There are so many take-aways from this story, but mostly, i admire both Tony and Jon so much for embracing fear and not letting it get in the way.

who is this jon moscone and why didn't he get back to this taccone writer sooner? what nerve. how can he possibly be more concerned about reading the words culled from hours and hours of divulging on-the-couch therapy sessions, words that started in his mouth, mind, heart and blood; then flew into the mouth mind heart and blood of another only to see them again, in the light of day, paginated and arced? i'll tell you why - making new work that is personal in ways that surprise even the most personal of writers is TERRIFYING, pure and simple. but tony took everything and mixed it into his swirling, blisteringly smart brain and braved the waters of early response to build a work that is as far away from my reality as it is true to the core of the pain of loss that i felt. i have more admiration for him than i ever had in all the years i've had the honor of having him in my life.
but let's be clear - it's scary on both sides - we're all putting our guts on the line when new work is being made, writers, developers, creators, directors, artistic directors, everyone. there is a sequencing of the 'fear code' - it begins with one person, transfers to another, then another, then back again. the risk of making new work is undeniably huge, and only through bravery and vulnerability, allowing someone else to suffer while you support in the hopes that he/she will do same for you, and trusting that all that matters is that we give birth to something thrilling, filled with undeniable life, with a vital dna, messy, not perfect, but living, breathing and ready for more work, more shape in ensuing productions. it's a glorious, daunting excursion, one that each one of us has the right to embark upon. for myself, i am one lucky man to have had tony as partner, in the lead, then behind me, but ultimately, beside me all the way.

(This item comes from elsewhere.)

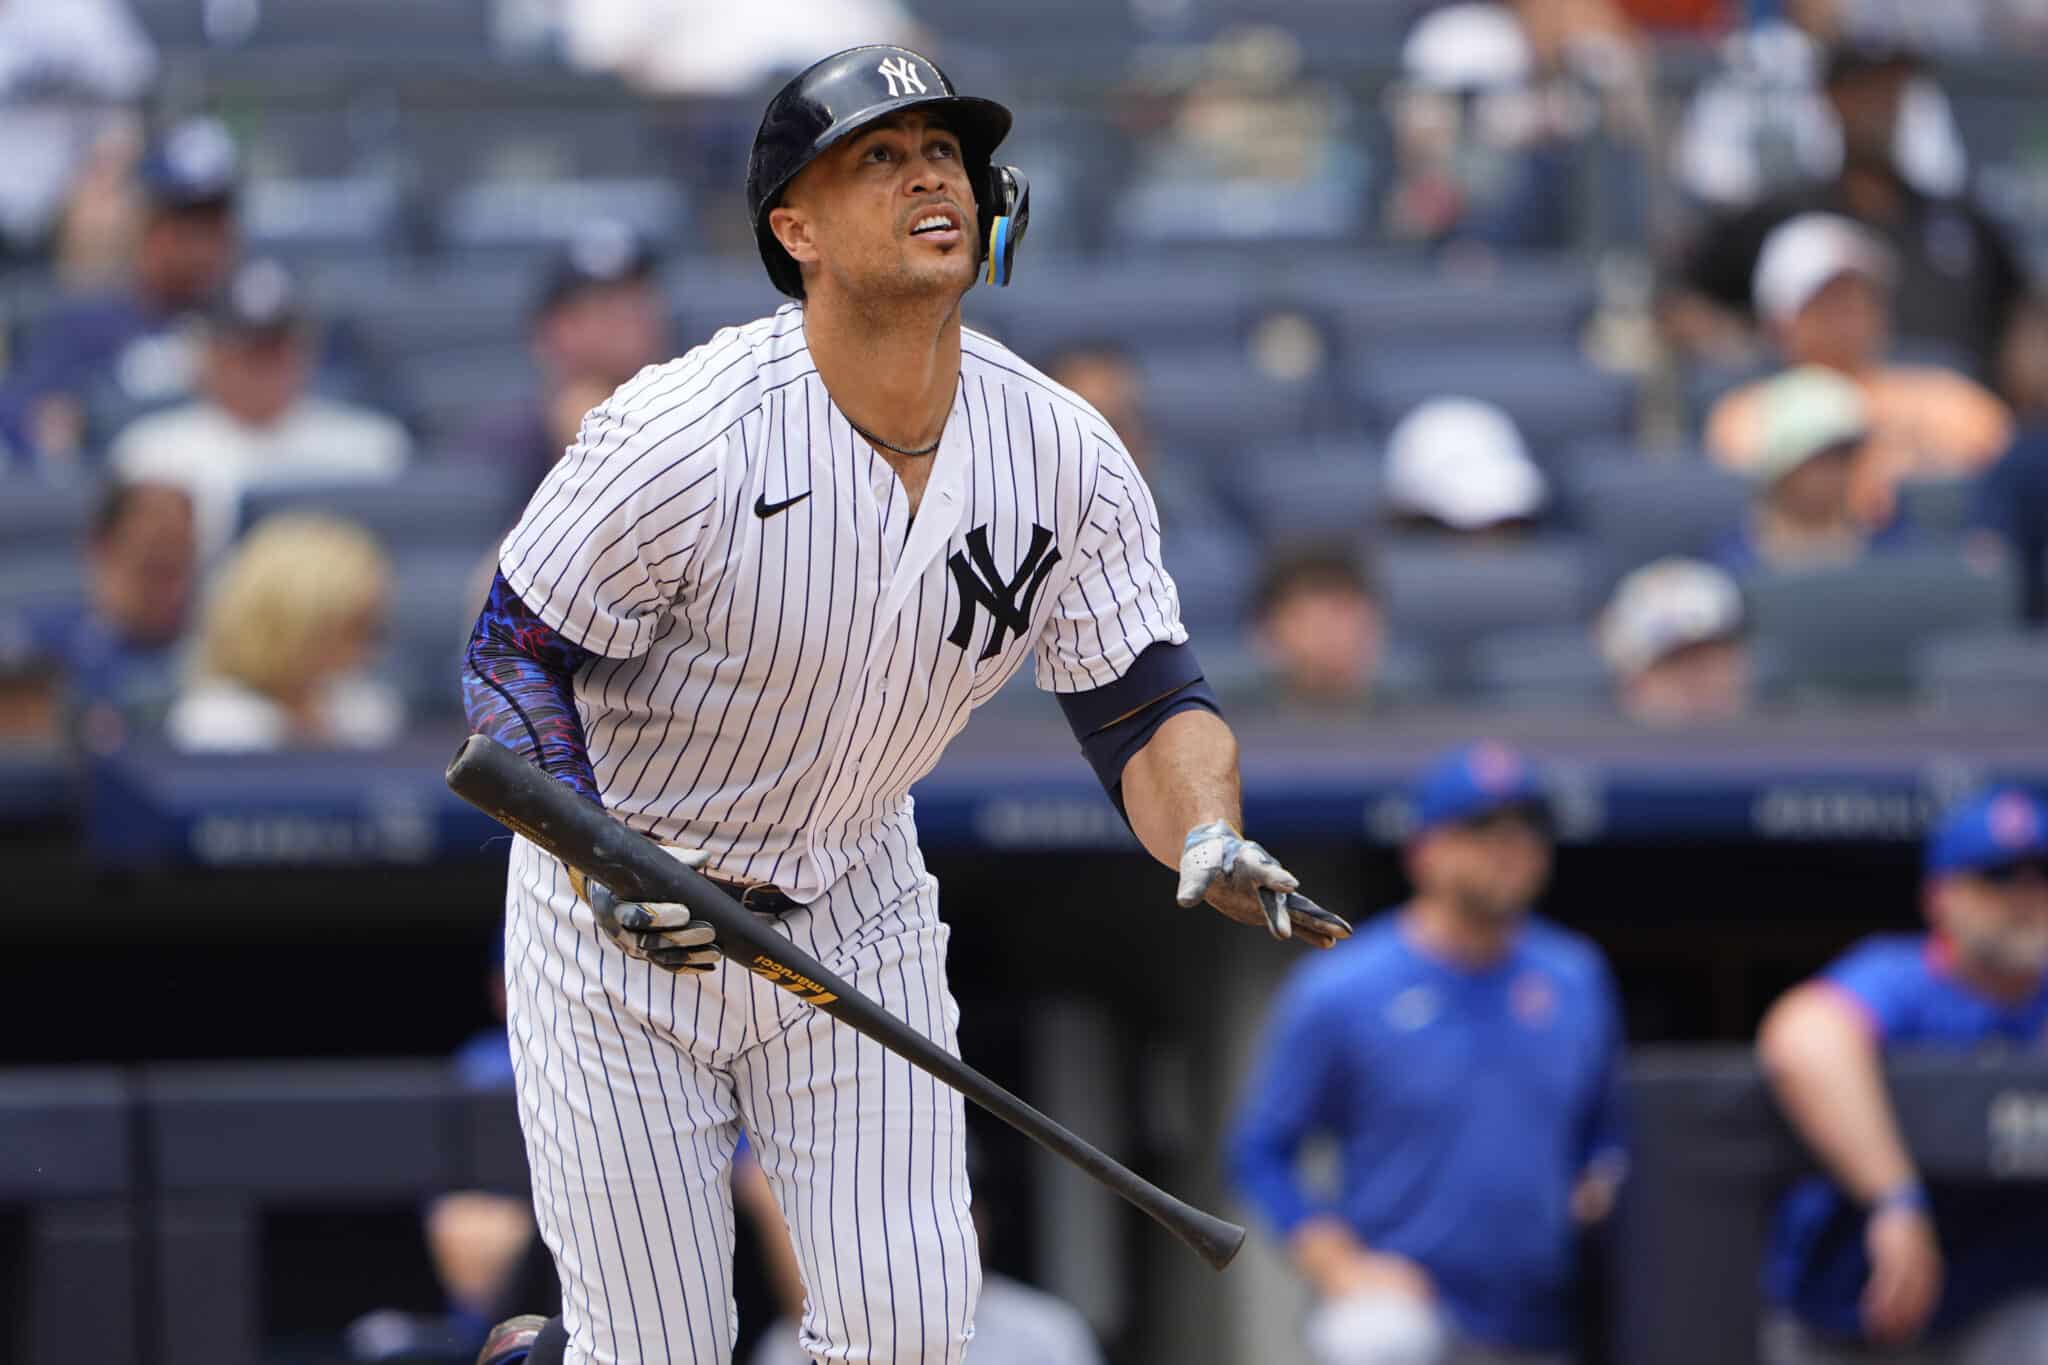 Is Yankees slugger Giancarlo Stanton helping to destroy sports?

I have to say I am absolutely delighted that Tony has decided to open up this new identity for himself - not the least that he reveals a charm and wit in his writing that is just delicious - like a Noel Coward with even more humanity... having recently been able to finally spend more in person time with him, I realize that wit, charm and humanity is very much part of who he is and it's great to see it shared more widely in his work as a writer...

Hope to have more contact with both incarnations in future.

I'd say it's definitely different giving notes as a writer, and very hard for me not to blend those notes into "directorial" notes. I think like a director, of course, so it's second nature for me to respond that way.
I tried really hard with Jon not to cross lines, but you'd have to ask him if I was successful or not. I think he'd probably say "sometimes". Hopefully, he'd laugh as he said it.....
t

Thanks for diving into this, Tony. I would love to know if your experience, particularly with that "waiting period", has moved you to think differently about how you relate to writers as an Artistic Director? Or if being on the receiving end of the notes has impacted your approach to delivering them? There's so much in the conversation about the divide between the playwrights and the "institutions" but we hear so little from the Artistic Directors on this front. Perhaps you, Carey Perloff, Emily Mann, Chay Yew and Kwame Kwei-Armah should do a long session somewhere about this.

'I was tired of myself, tired of my voice, and I wanted to see if I could unearth a different mode of expression. I wanted to be with myself in a new way."

well put, and what a sentiment.
thanks for the great article, Tony.

-Joanna

PS: sitting in a rehearsal room being quiet DOES sound very hard :)

Thank you for this Tony! I love how you describe the feeling you get when you haven't heard back from collaborators regarding a draft of your work. Even though you know every possible reason they haven't gotten back to you - you still assume the worst. It's such a painful but beautiful process. Cheers!